Developing trust and confidence can take time. They must be earned. And the most effective way to earn your customer’s trust and confidence is by showing, not telling.

Systems for analyzing small business marketing

One of the great challenges for a small business is attracting customers. Indeed, marketing is a frequent topic of discussion among small business owners.

Many small business owners are looking for a “magic pill”–some method of marketing that will drive eager buyers to their business. While it would certainly make life easier to find such a solution, marketing is seldom so simple. Markets are dynamic, undergoing continual change, and often what worked yesterday won’t work today.

But how do we know what works? How do we determine if we should continue our yellow page ad, or distribute more door hangers, or invest more in Google Adwords?

Far too frequently small business owners simply guess. They go on their “gut”. They make decisions based on what they believe to be true, rather than the actual facts. Far too often, small business owners do not track and analyze their marketing.

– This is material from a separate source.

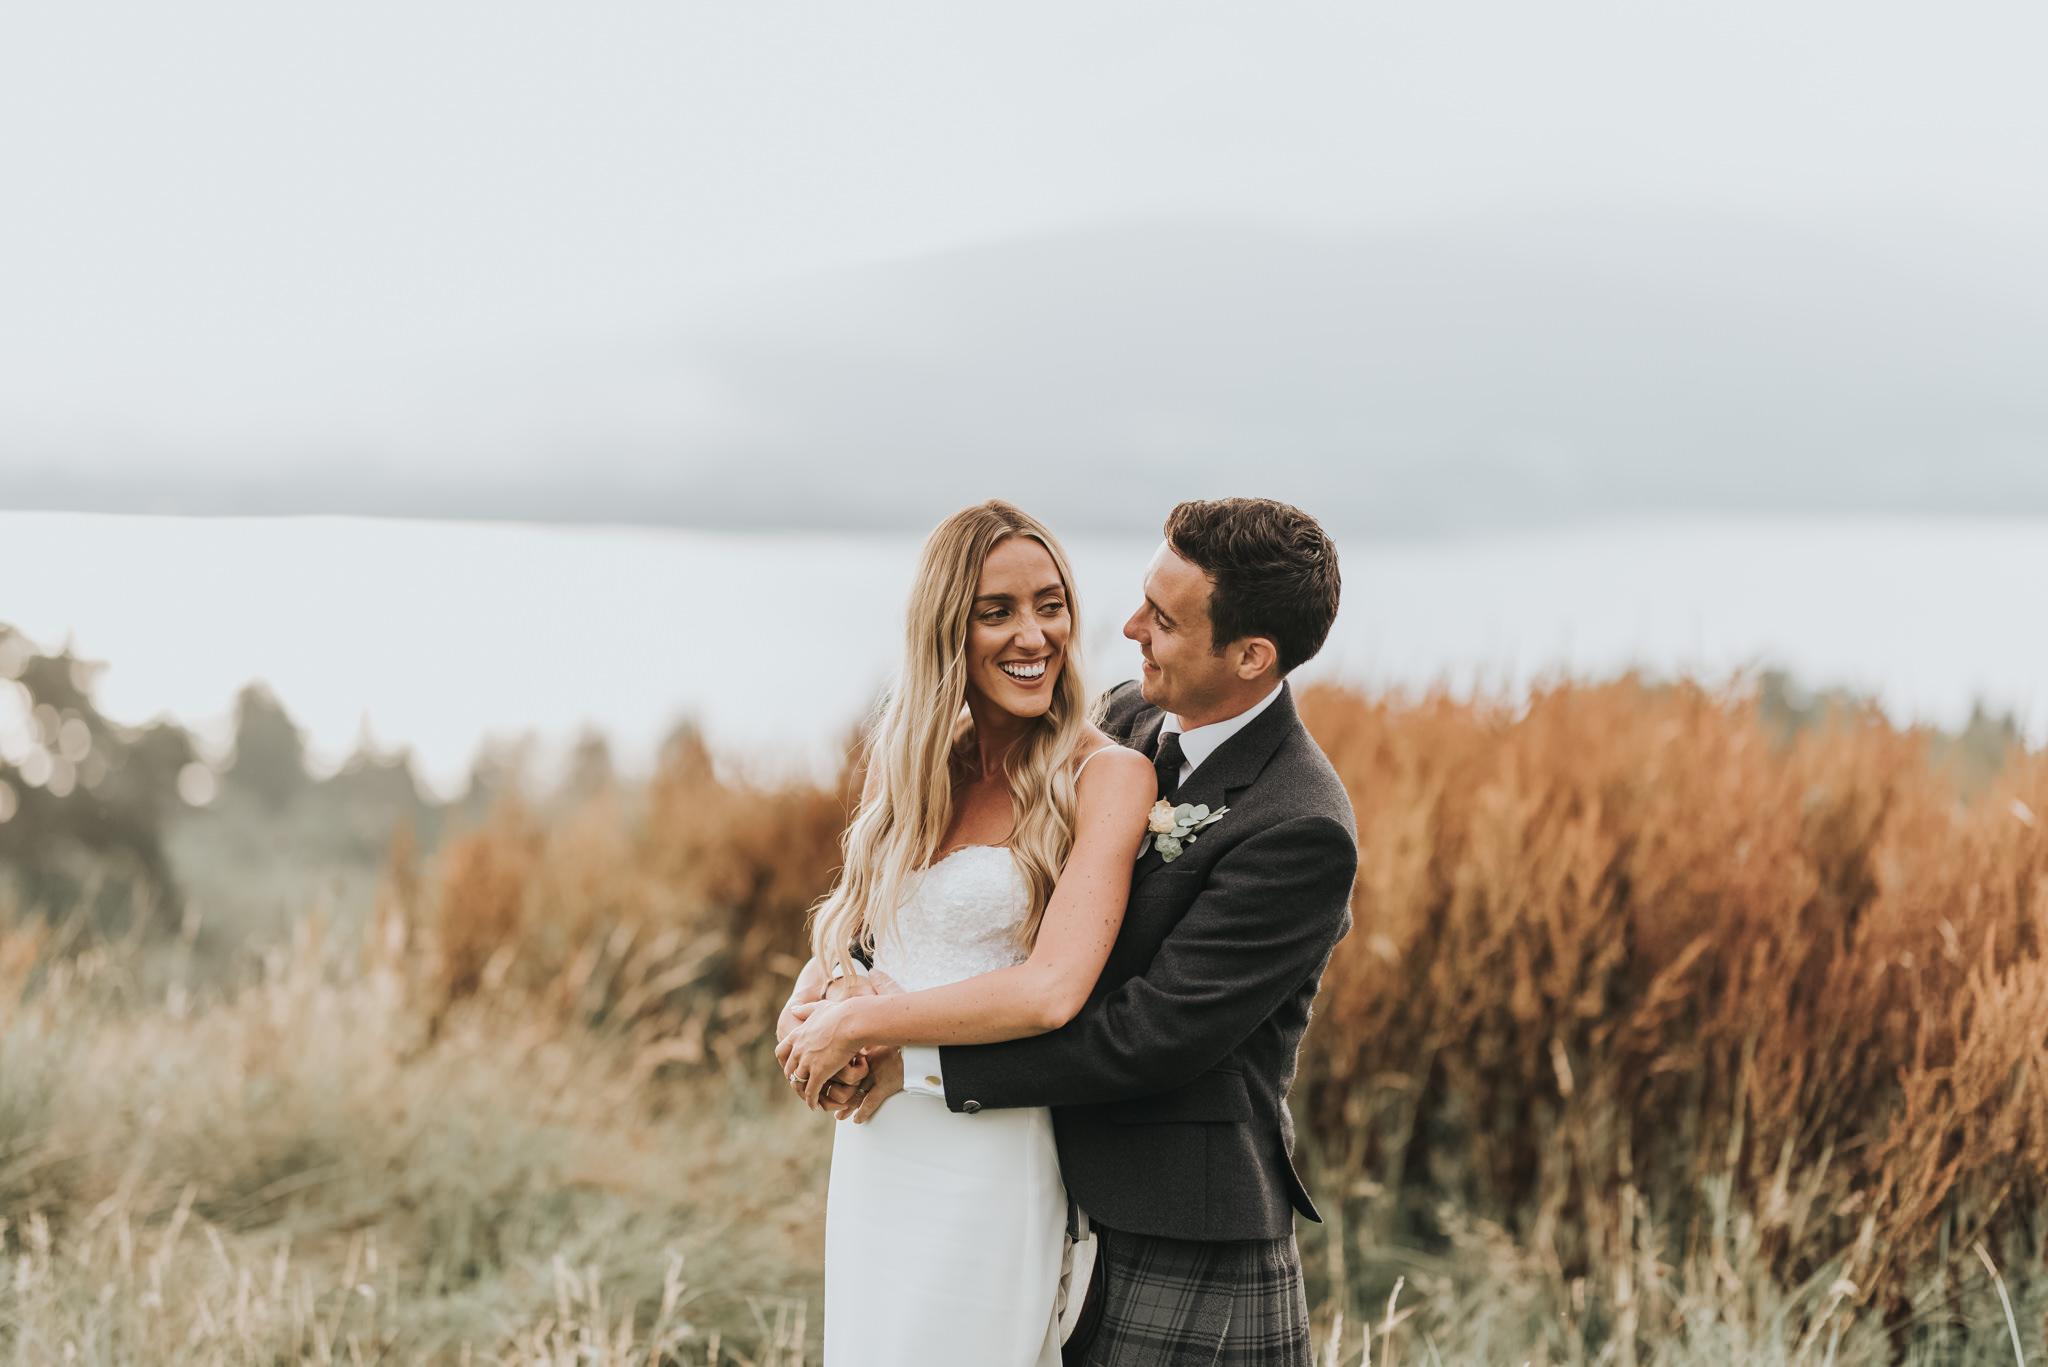 Boturich Castle wedding photos, wedding Boturich Castle, wedding photographer Edinburgh, wedding photographer Scotland, wedding photographer Glasgow, Karol Makula Photography, wedding photography Scotland, Scotland wedding photographer
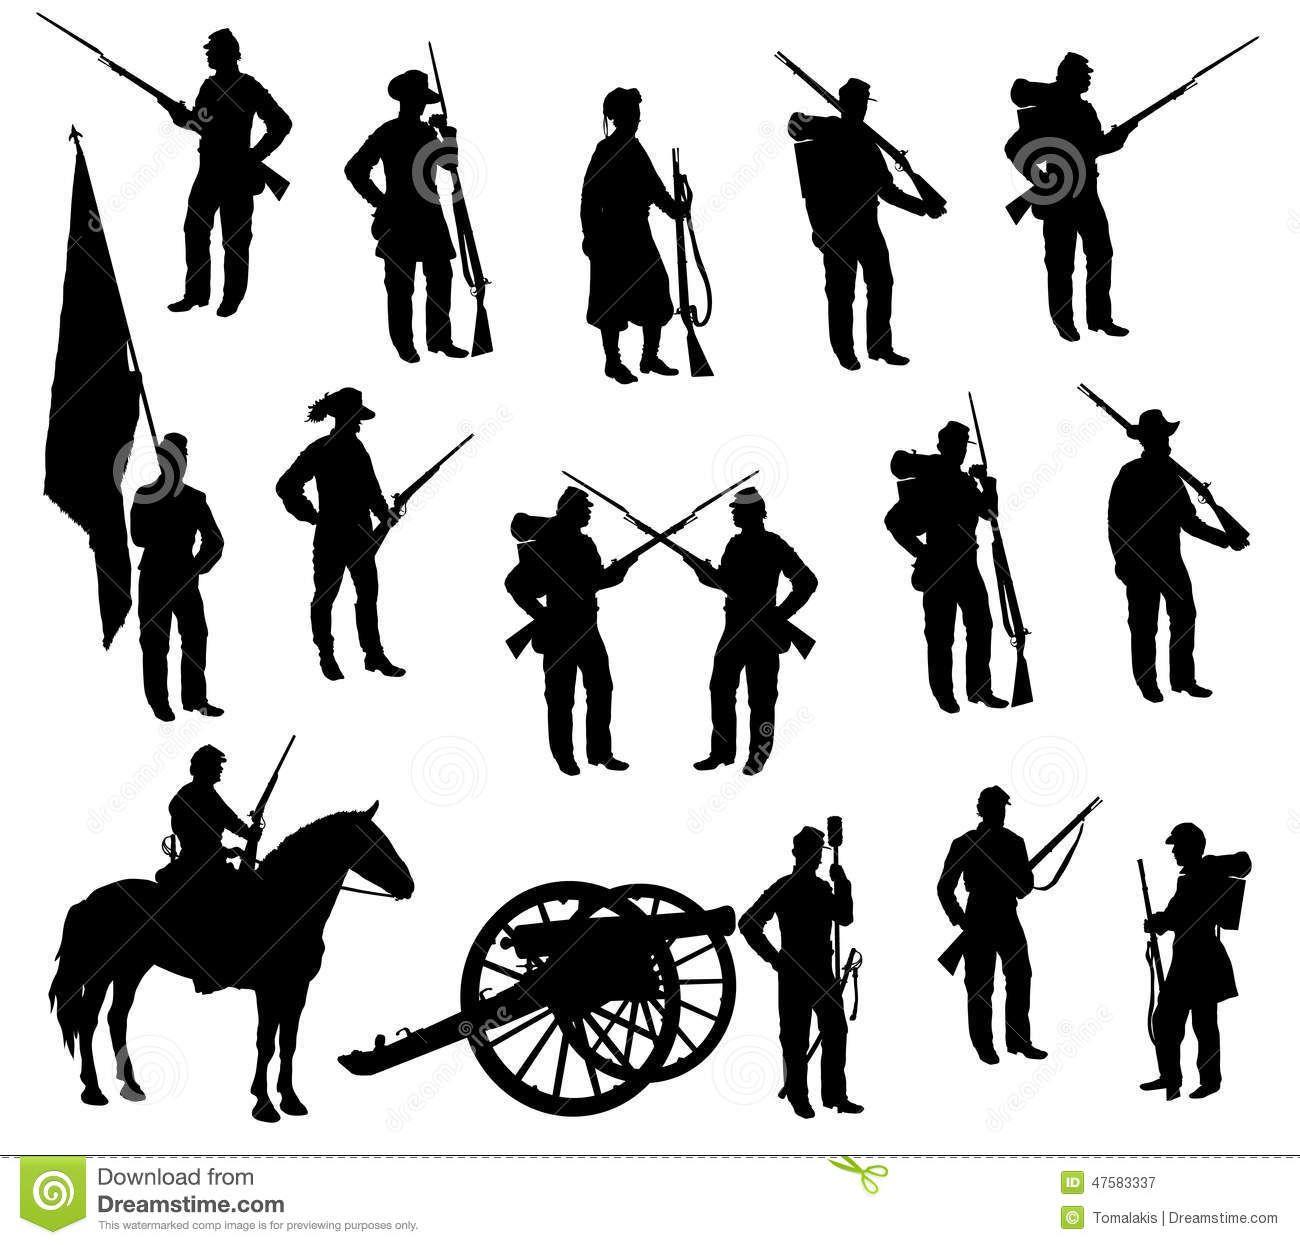 Soldiers clipart american civil war Rifles  of Silhouettes Civil

While the specifics can vary between industries, a business owner must track his leads if he is to make intelligent, informed decisions regarding his marketing. He must know what marketing is drawing customers, if those customers are buying, and how much they are buying. A particular ad may fill the store, but if those customers are not buying, the ad is providing little benefit. Conversely, another ad may attract few customers, but these are eager buyers.

We must be able to make these identifications and distinctions. We must be able to compare our various advertising. And we must use more than a hunch to do so. We must have a system in place for identifying the source of our customers.